Tomorrow we’ll tell more people about Annie Ernaux*:

“the death at sixteen of the common black-and-white cat, who had returned after years of obese bumbling to the frailty of the photo from the winter of 1992. She covered the cat with earth from the garden during the heat wave while the neighbours jumped screaming into their pool. With this gesture that she had never performed before she felt as if she were burying all the people in her life who had died, her parents, the last aunt on her mother’s side, the older man who’d been her first lover after the divorce, and had remained a friend and died of a heart attack two summers earlier – a burial that foreshadowed her own.

These events, happy or sad, when she compares them to others that happened long ago, do not at all seem to have modified her ways of thinking, tastes, or interests, which became settled when she was about fifty in a kind of inner solidification. The series of gaps that separate all the past versions of herself ends there. What has most changed in her is the perception of time and her own location within it.  And so she realizes with amazement that back when she was asked to do dictations from Colette at school, the author was still alive, and that her grandmother, who was twelve when Victor Hugo died, must have had a day off school on account off the funeral (but by then she already worked in the fields, no doubt). And while the loss of her parents grows more and more distant in time (twenty and forty years ago now), and nothing in her way of living or thinking resembles theirs (indeed hers would ‘make them turn over in their graves’), she feels she is drawing closer to them.  As the time ahead objectively decreases, the time behind her stretches farther and farther back, to long before birth, and ahead to a time after her death. She imagines people saying, perhaps in thirty or forty years, that she was alive for the Algerian War, just as they used to say of her great-grandparents ‘they were alive for the War of 1870’.

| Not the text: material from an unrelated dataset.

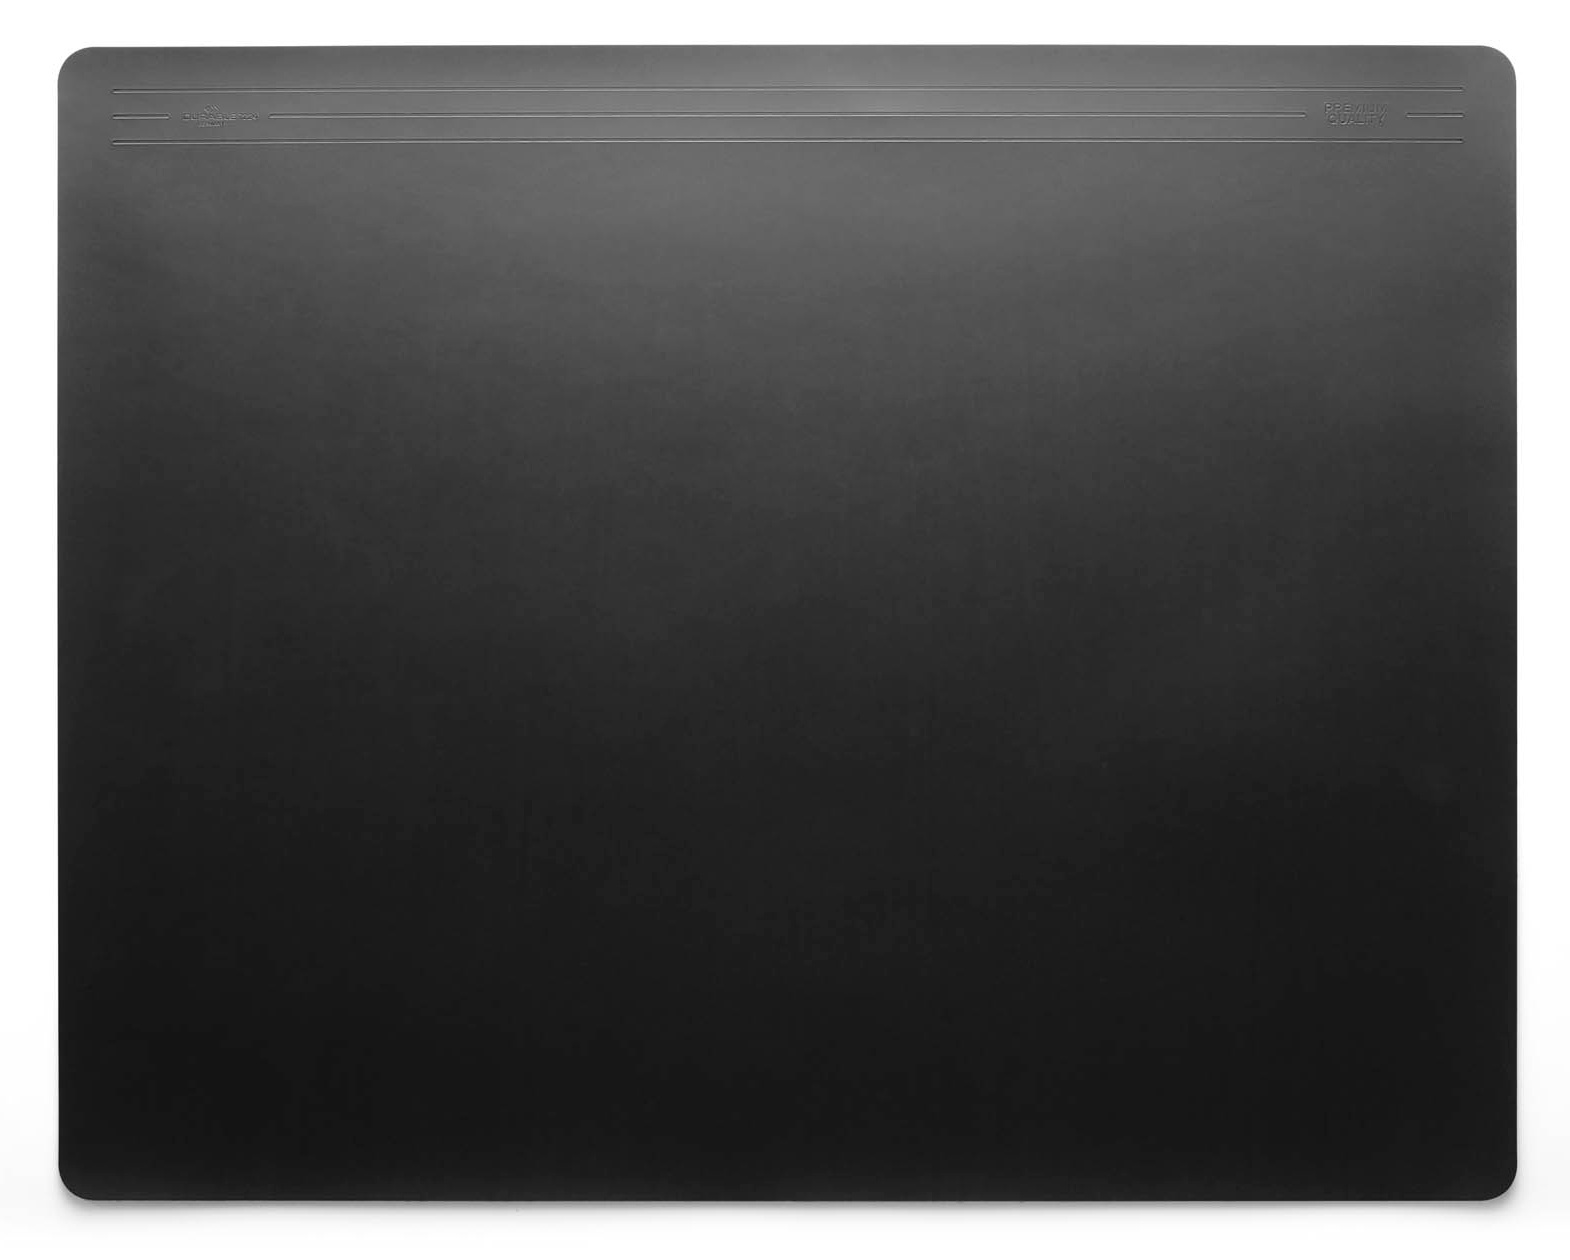 Покрытие Durable 7224-01 для стола, 65х52 см, нескользящая основа, цвет черный (7224-01)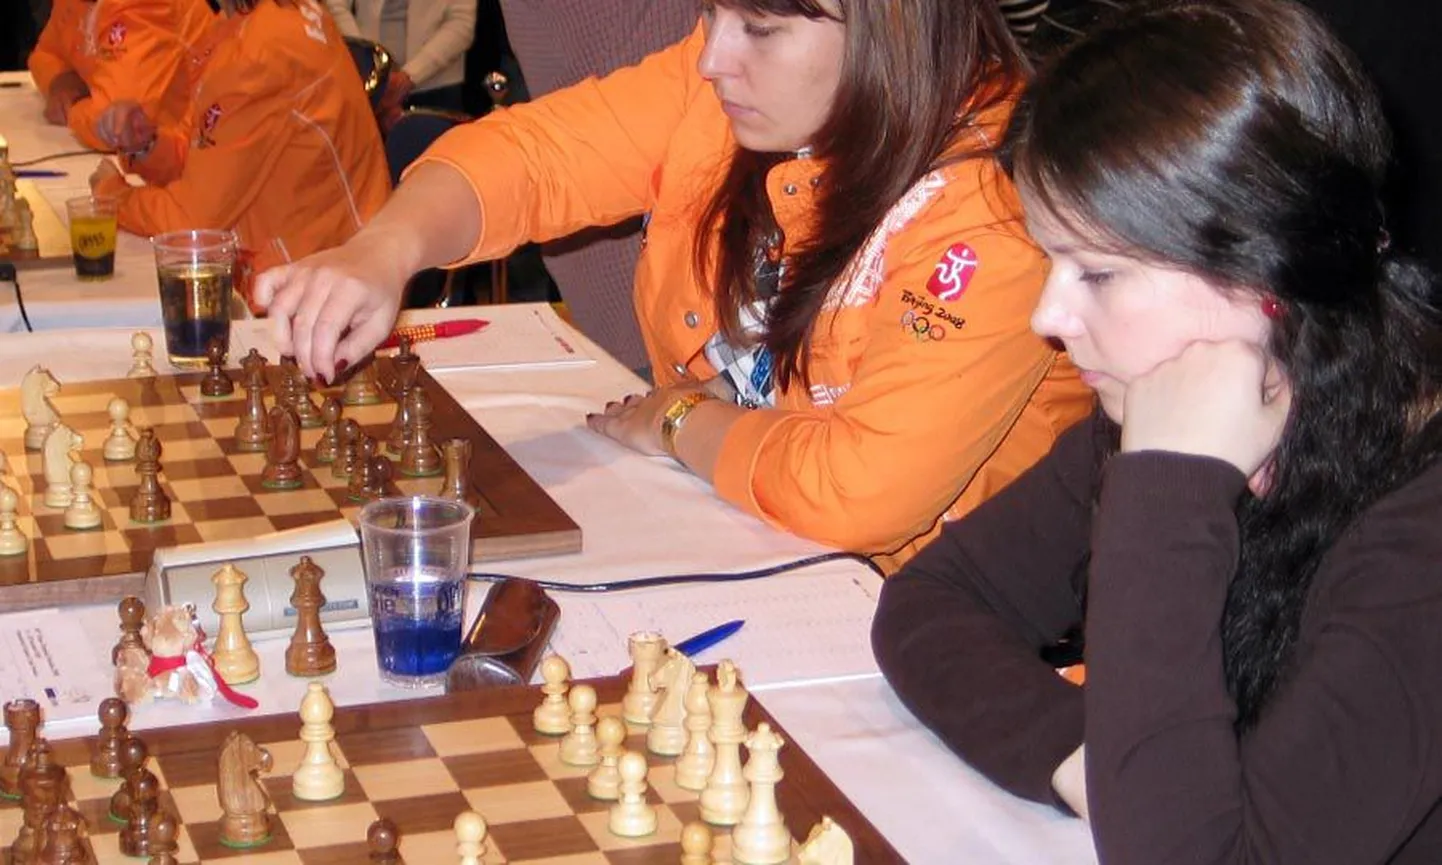 Kuigi Dresdeni maleolümpiale läks Tuuli Vahtra Eesti naiskonna varuliikmena, õnnestus tal mängima pääseda ja kaheksast partiist kuus võitu võtta.

She has lost her sense of the future, a kind of limitless background on which her actions and gestures were once projected, a waiting for all the good and unknown things that lived inside her as she walked up Boulevard de la Marne to the university in the autumn, or finished the last page of The Mandarins, and, years later, jumped in the Austin Mini after class to fetch the children, and even later, after her divorce and the death of her mother, left for the United States for the first time with L’Amerique by Joe Dassin playing in her head, and up until three years ago, when she threw a coin into the Trevi Fountain and made a wish to return to Rome.

The future is replaced by a sense of urgency that torments her. She is afraid that as she ages her memory will become cloudy and silent, as it was in her first years of life, which she won’t remember anymore. Already when she tries to recall her colleagues from the lycée in the mountains where she taught for two years, she sees silhouettes and faces, some with extreme precision, but she cannot possibly ‘put a name to them’. She tries desperately to retrieve the missing name, match the name with the person, join the separate halves. Maybe one day all things and their names will slip out of alignment and she’ll no longer be able to put words to reality. All that will remain is the reality that cannot be spoken. Now’s the time to give form to her future absence through writing, start the book, still a draft of thousands of notes, which has lived in parallel to her existence for the past twenty years and is thus obliged to cover a longer and longer time.” 

Annie Ernaux, The Years, p 221 – 223, Fitzcarraldo Editions 2018. (Translation: Alison L. Strayer, 2017.)

*Tim Etchells told us about this book. Good call too, Tim.